The brand’s 2022 annual report, places an emphasis on guest experience, seasonal events, pricing, and organizational culture. Six Flags’ biggest attractions — the rides — are seemingly absent from its 2023 objectives.
This isn’t all bad, because tech advances are becoming a priority, and this can enhance the guest experience. Likely, this is because the parks were behind the curve with tech integration when the pandemic struck. It forced the brand to introduce mobile food ordering to its app in 2020, and this year, contactless pay (like Apple Pay or Google Pay) is set to be added to parks.
However, implementation of this may take longer than expected due to the business’ “organizational culture.” Last year, the company laid off nearly 25% of its full-time staff, many of whom are in management roles. So the brand’s emphasis on “autonomy” and “agility” isn’t out of respect for employees. It’s a necessity because fewer people are making decisions and taking action.
If Six Flags’ goal was to stop being a cheap daycare, it seems to be working. But they haven’t become an expensive family destination, or a place for young, money-spending adults — at least not yet. Likely, this is because thrill seekers aren’t finding reasons to head to parks.
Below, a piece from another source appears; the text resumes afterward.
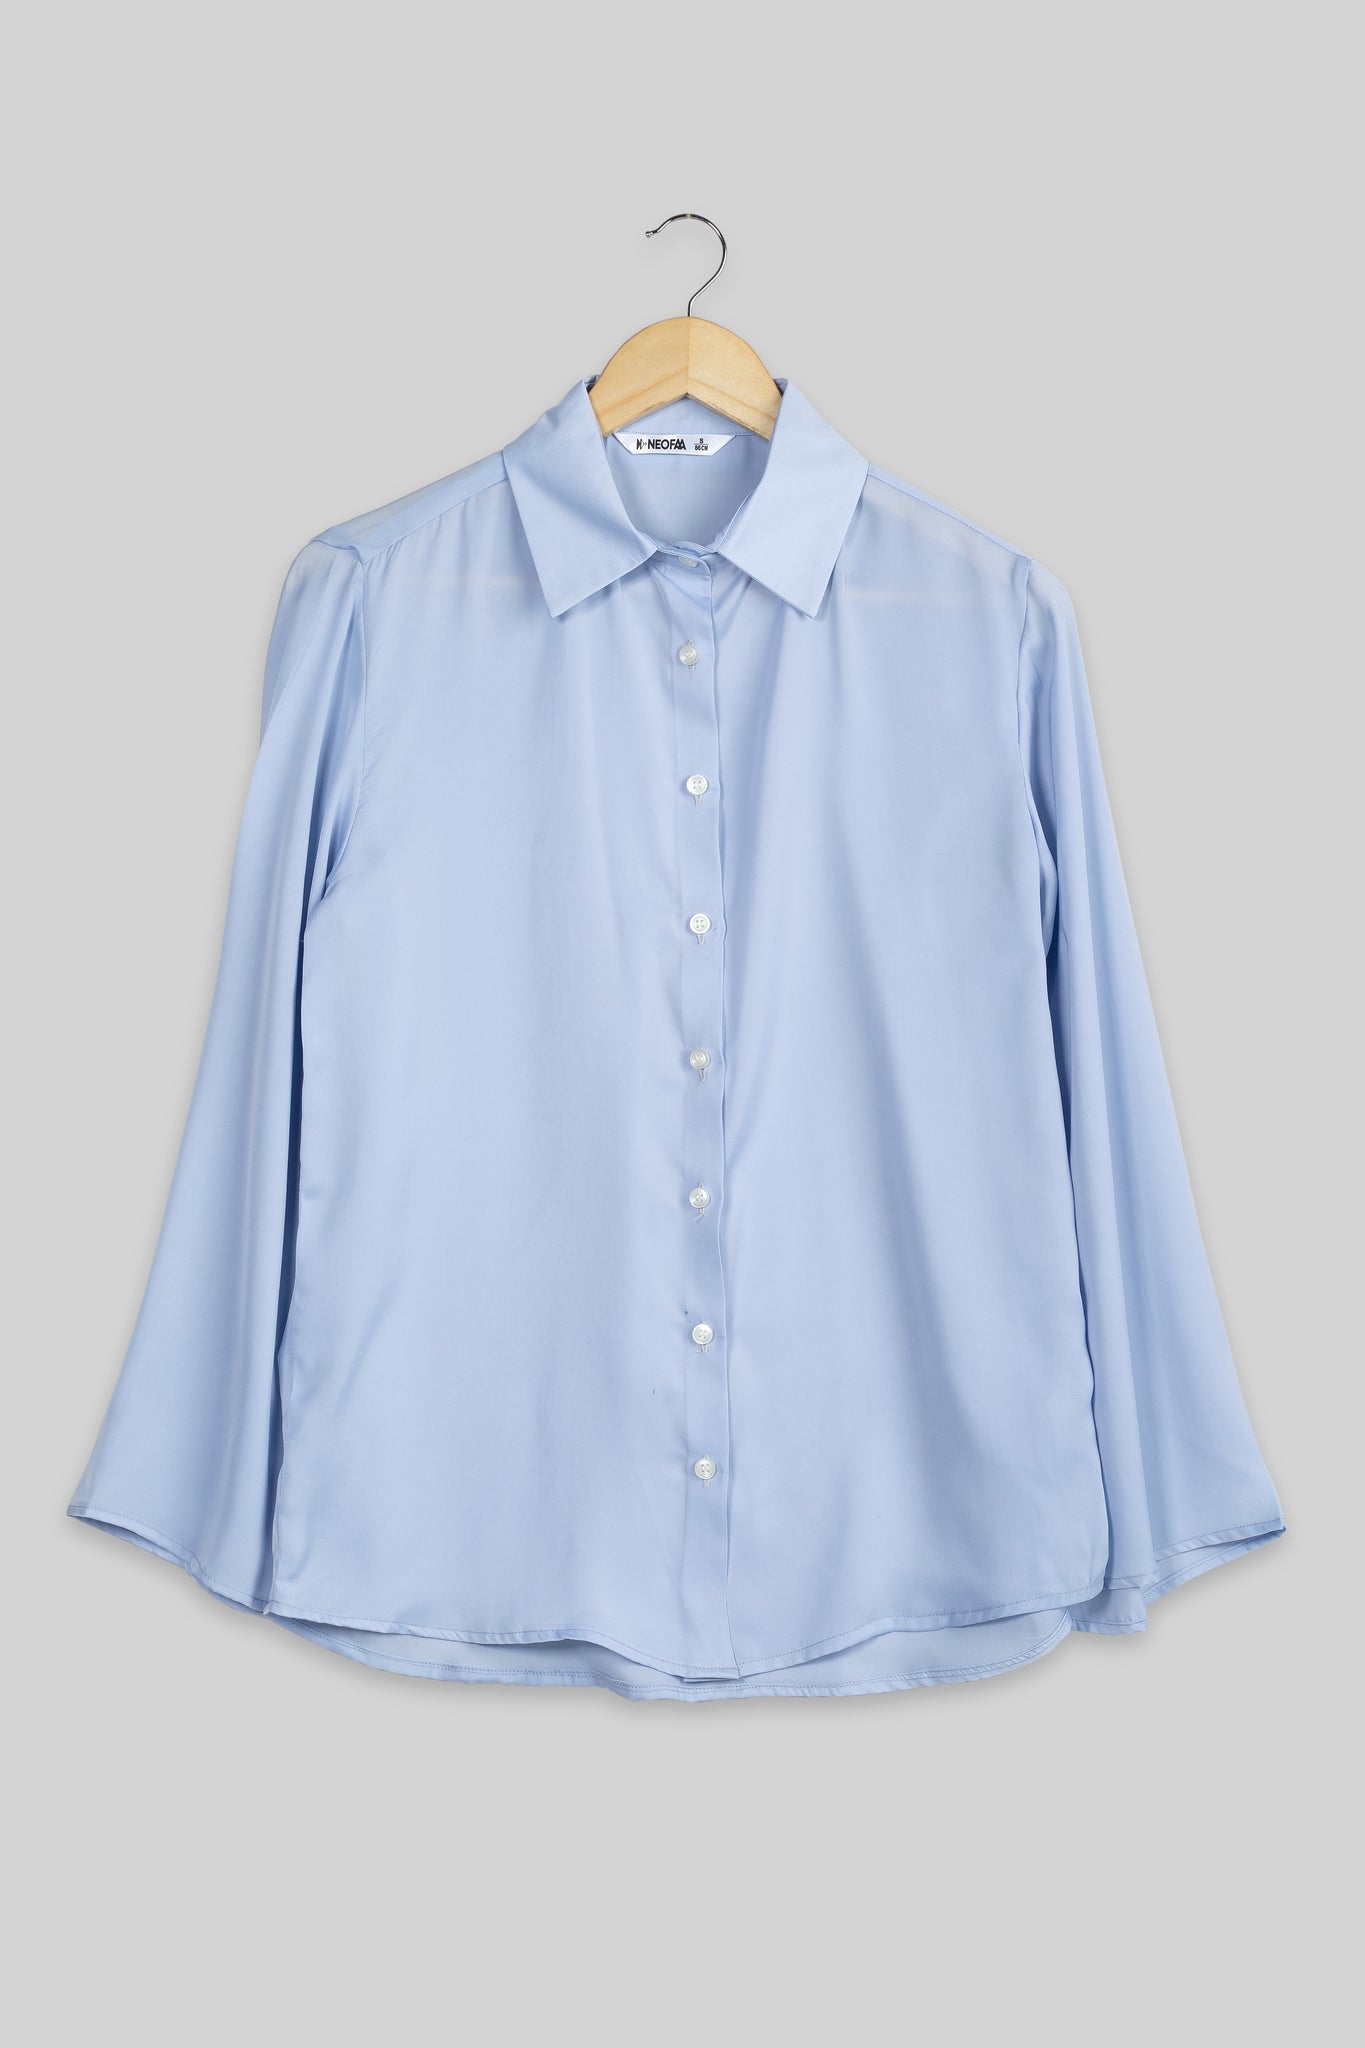 Zenith Bell Sleeve Shirt For Women

There aren’t many new rides to get them excited, so if Six Flags is making them scream, it’s due to price hikes.
Is the ride over?
This summer, we’re bound to see if guests really return to the parks. Ticket prices have jumped, events are in full swing, and pandemic-related restrictions are nearly non-existent.
Fortunately, the company entered the season with a glimmer of hope. Q1 2023 saw total revenue increase by 3% compared to Q1 2022. Total spending per guest went up 7%, mostly driven by the average cost of entry jumping by 10%. And there’s even more good news (by Six Flags’ standard, anyway): The number of guests decreased by 5% or roughly 1 million people.
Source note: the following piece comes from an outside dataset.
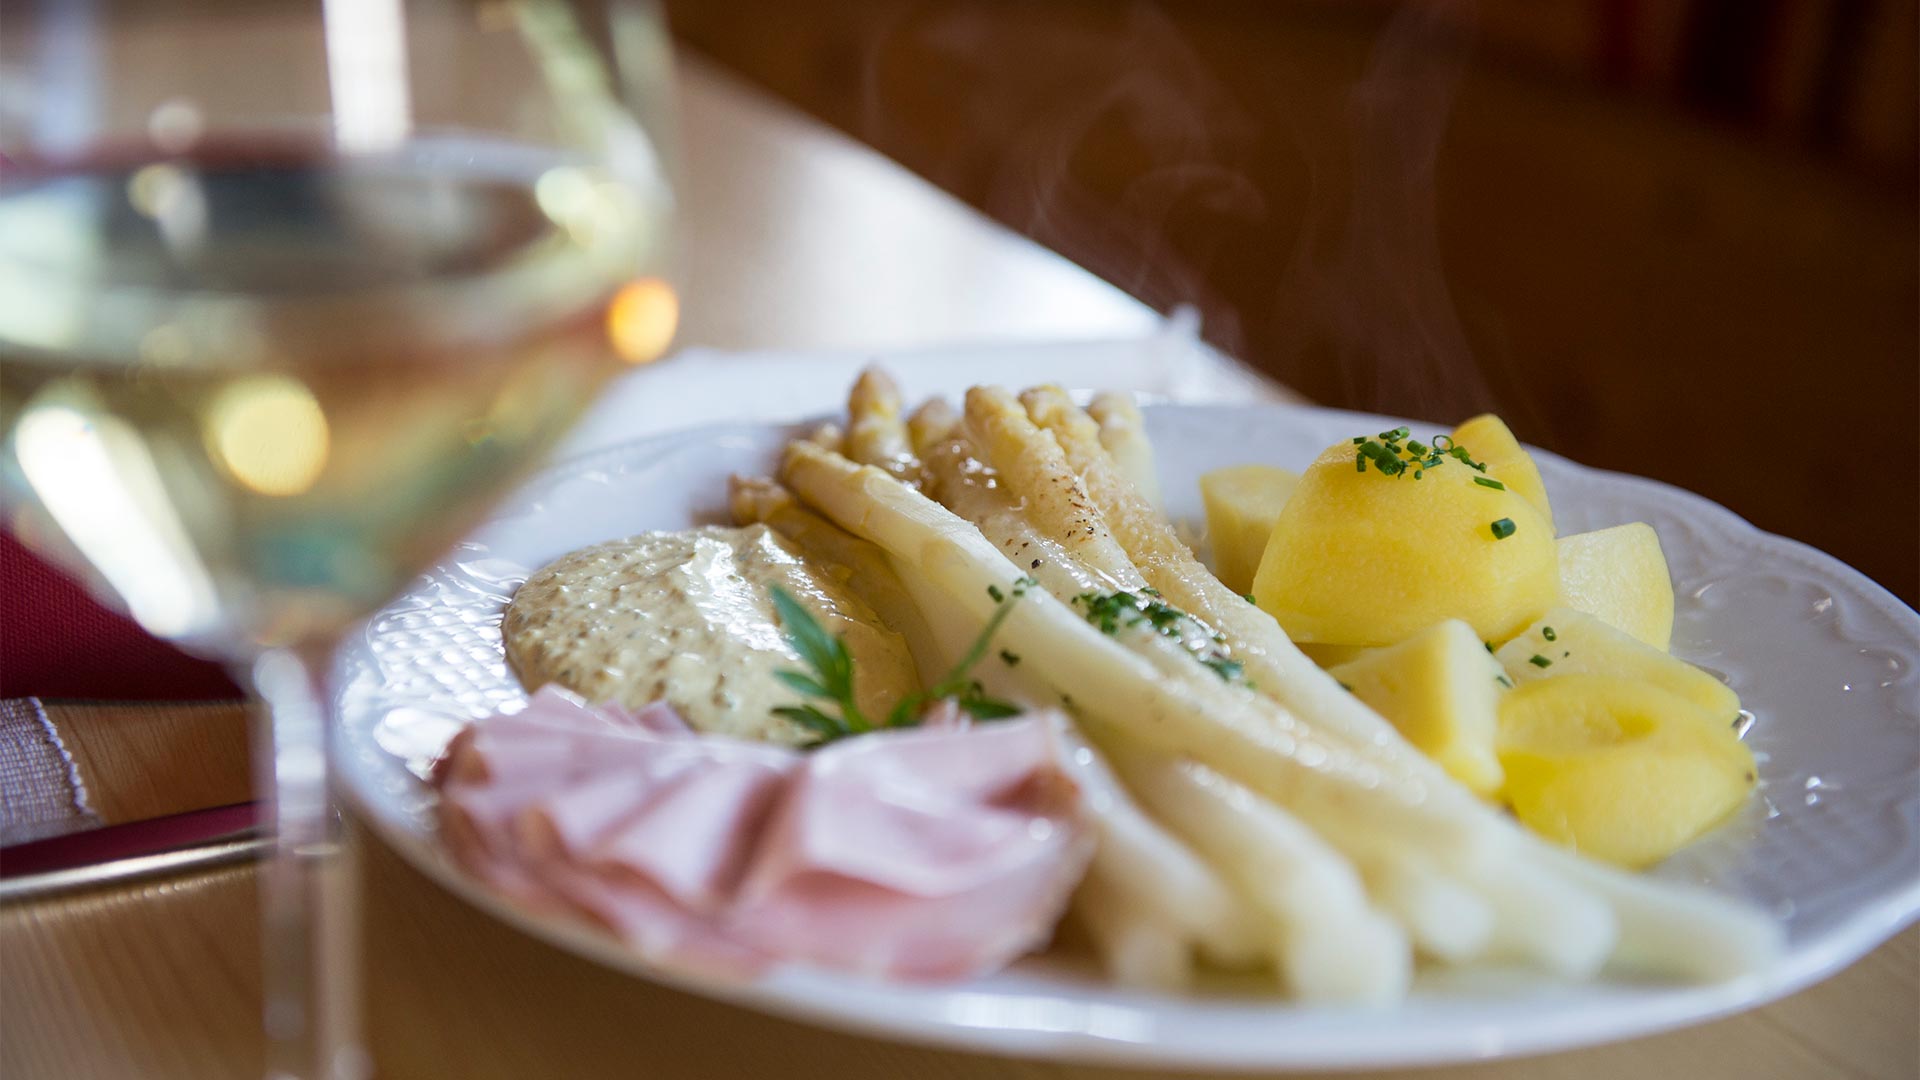 Piatto tipico della tradizione altoatesina a base di asparraggi cotti, patate lesse e prosciutto cotto servito con un calice di vino bianco.

It makes sense that people would reject these price hikes because Six Flags was never meant to be a premium destination. It’s not Disney or Universal, and families are less likely to vacation just to experience Six Flags. The company operates 23 theme parks in the US, and it’s built its reputation as a destination for thrill-seekers. The business established itself by focusing on more: more roller coasters, more parks, more flags, more fun. Now, it just seems to be after more money.
If the parks don’t focus on their rides, guests are going to be confused — even the ones who have money to spend. Seasonal celebrations are nice, but few of them offer a major incentive to spend money for park entry. Kids may enjoy egg hunts or trick-or-treating, but communities host these events for free. Rides are the premium attraction, and without refreshes, they’re going to feel stale.
This isn’t to say there will be no new rides this year. Six Flags is introducing a selection of new rides and attractions, but there isn’t anything too massive. The Fiesta Texas, Over Georgia, and St. Louis parks will get family-friendly coasters, and other parks will see water attractions debut. Beyond that, it’s mostly seasonal celebrations and character interactions.
Now, guests have fewer reasons to return. Six Flags may not want to be a park where teenagers hang out during school breaks, but at least that got people through the gates. The current trends aren’t going to bring in sustainable revenue. I have no doubt that the parks will eventually realize that big thrills and big crowds are core to their identities. It’s just a matter of when Six Flags makes this discovery. If they lose too much momentum, they may not have the opportunity to rise again.